“As I was walking among the fires of
hell, delighted with the enjoyments
of Genius, which to Angels look like
torment and insanity, I collected
some of their Proverbs.”
—William Blake, The Marriage of
Heaven and Hell
In Judaism, Sheol is the netherworld. Human beings descend there after death by God’s will— “The Lord brings death and makes alive; he brings down to the grave and raises up” (1 Samuel 2:6)— and may therefore ascend once again to the land of the living. Sheol is also Abaddon, the place of destruction, and the abyss of oblivion, the place concealed from humans, to which they have no access. Such ideas find even more acute expression in Greek mythology, where the World of the Dead is called by many names, including Hades, after the “invisible” god of the underworld. In this mythology, the souls of the dead belong to Hades, their ruler, who forbids them from leaving his kingdom. Any attempt to bring someone back from Hades is doomed to failure, as one recalls from the stories of Persephone and of Orpheus and Eurydice. Such myths leave the struggle between life and death undecided. Orpheus did manage to go down to the underworld and extract his loved one from there, but at the last moment he looked back and lost her forever. And the beautiful Persephone, the personification of fertility and abundance on earth, was abducted by Hades, who tricked her by feeding her some pomegranate seeds before letting her exit his kingdom. Since she tasted food in the underworld, she was obliged to return to it every winter, forever trapped between the kingdom of light and the bowls of the earth. What is a museum collection if not an underworld of art pieces kept, untouched, under the earth, like corpses, waiting for the eye of a curator-god to choose and bring them back to life, if only for a few months, before they are returned to the nether regions once again? The museum’s registrar may be likened to Charon, the ferryman of Hades who carries the souls of the newly deceased across the river Styx, which surrounds the world of the dead and divides it from the world of the living.

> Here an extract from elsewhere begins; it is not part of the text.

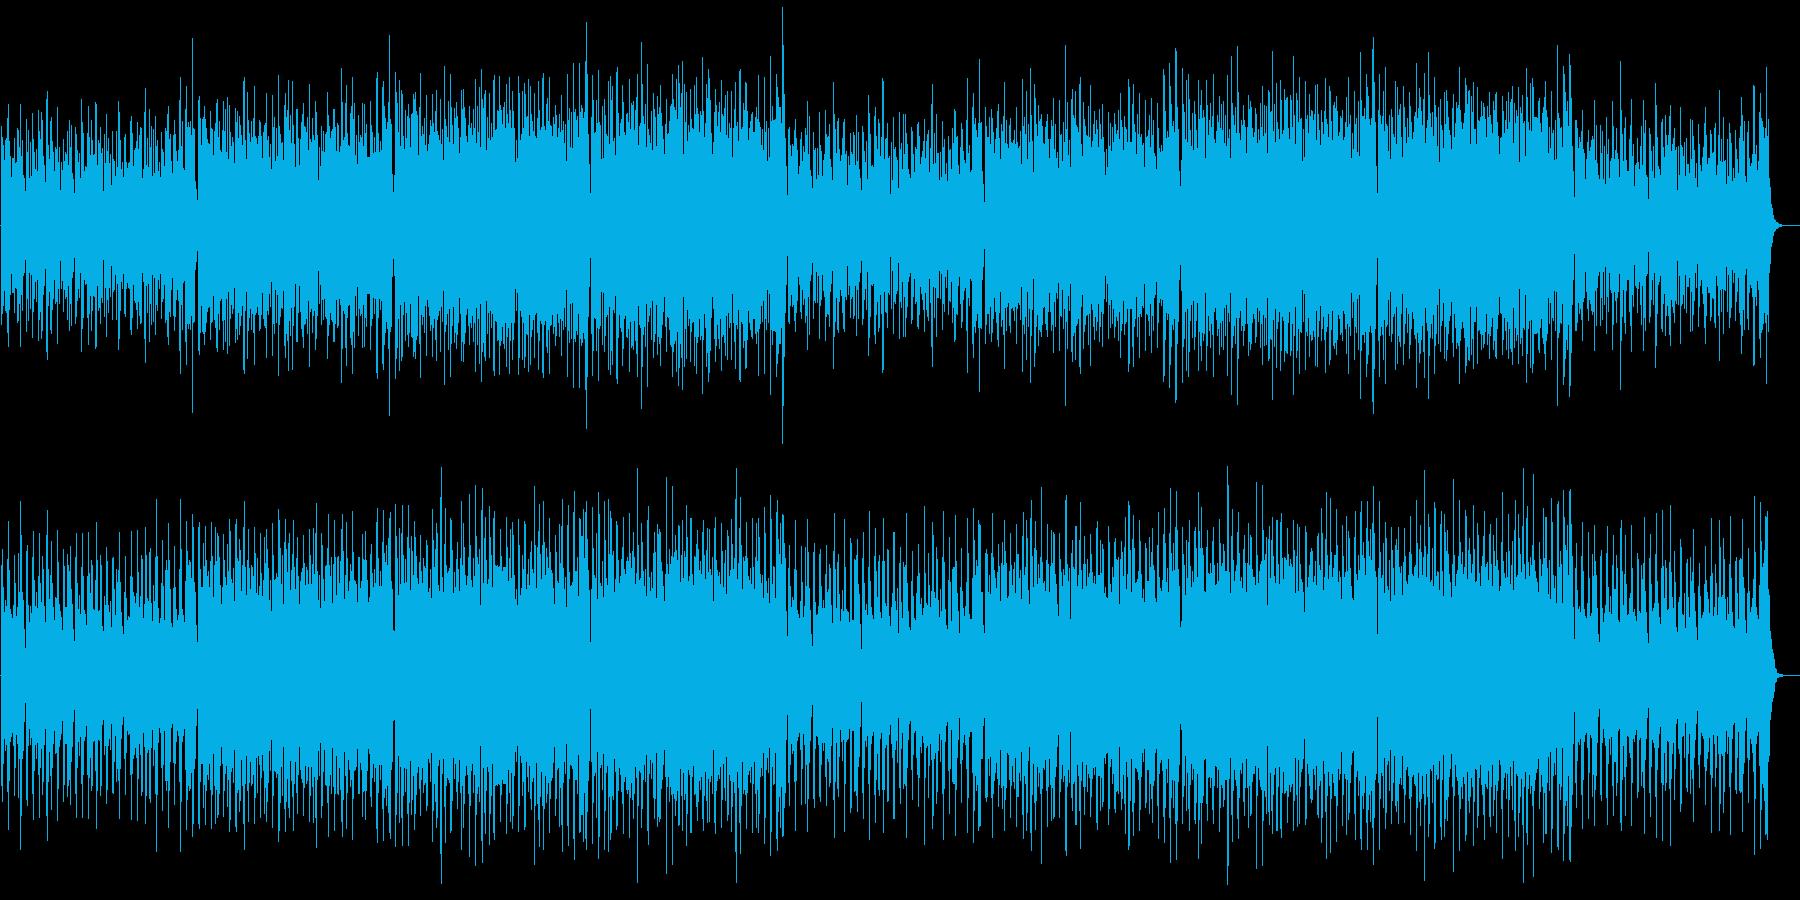 ケルトの笛が印象的な素朴で古風な舞曲の再生済みの波形

Eden Auerbach-Ofrat’s new work explores this notion in two spaces: the museum’s permanent collection gallery and the hallway leading down to the collection’s storage rooms. In these works, as in her previous pieces, the world of mythology and the actual world are intertwined. Auerbach-Ofrat grouped works from the collection of the Petach Tikva Museum of Art and her video likens the gallery to a river bank which accompanies these works as they sail along the river Lethe—the river of forgetfulness, another of the rivers of the Greek underworld. On the river bank itself, the gallery’s floor, stand sculptures, as if awaiting their time to sail, too. Another video, screened in the hallway leading down to the collection’s storage rooms, presents the point of view of those who are sailing to Hades’ kingdom. Cerberus, the three-headed hound of Hades, moves back and forth on the river bank, deterring those arriving and standing guard against anyone leaving the collection cave. The aspiration of museums—ostensibly contrary to that of Hades, who jealously hangs on to his subjects—is to revitalize their collections, expose them to the light of day and breathe new contextual and interpretive life into them. However, they are also fearful lest the pieces in their collections be harmed in the process, for they are even more fragile in “death” than they were in life. Therefore, the wish to preserve them forever often trumps the desire to exhibit and return them to public and cultural consciousness. Auerbach-Ofrat refers to the two-way movement between the underground space (storage room) and the upper one (exhibition gallery), but does so from the point of view of the works of art. The onlookers become viewers in the full sense of the word, that is, viewers of a specter that is an inverted reflection of our world. We observe forgetfulness as if through the eyes of the sculptures, removed from either the forgetfulness or the historical memory of the collection’s storage rooms only to remain abandoned on shore.
Unlike other entities that inhabit the world invoked by Auerbach-Ofrat, we may decide whether to go out again into the light or remain in the darkness of the gallery and turn our gaze directly on the abyss of the culture consigned to oblivion here and now.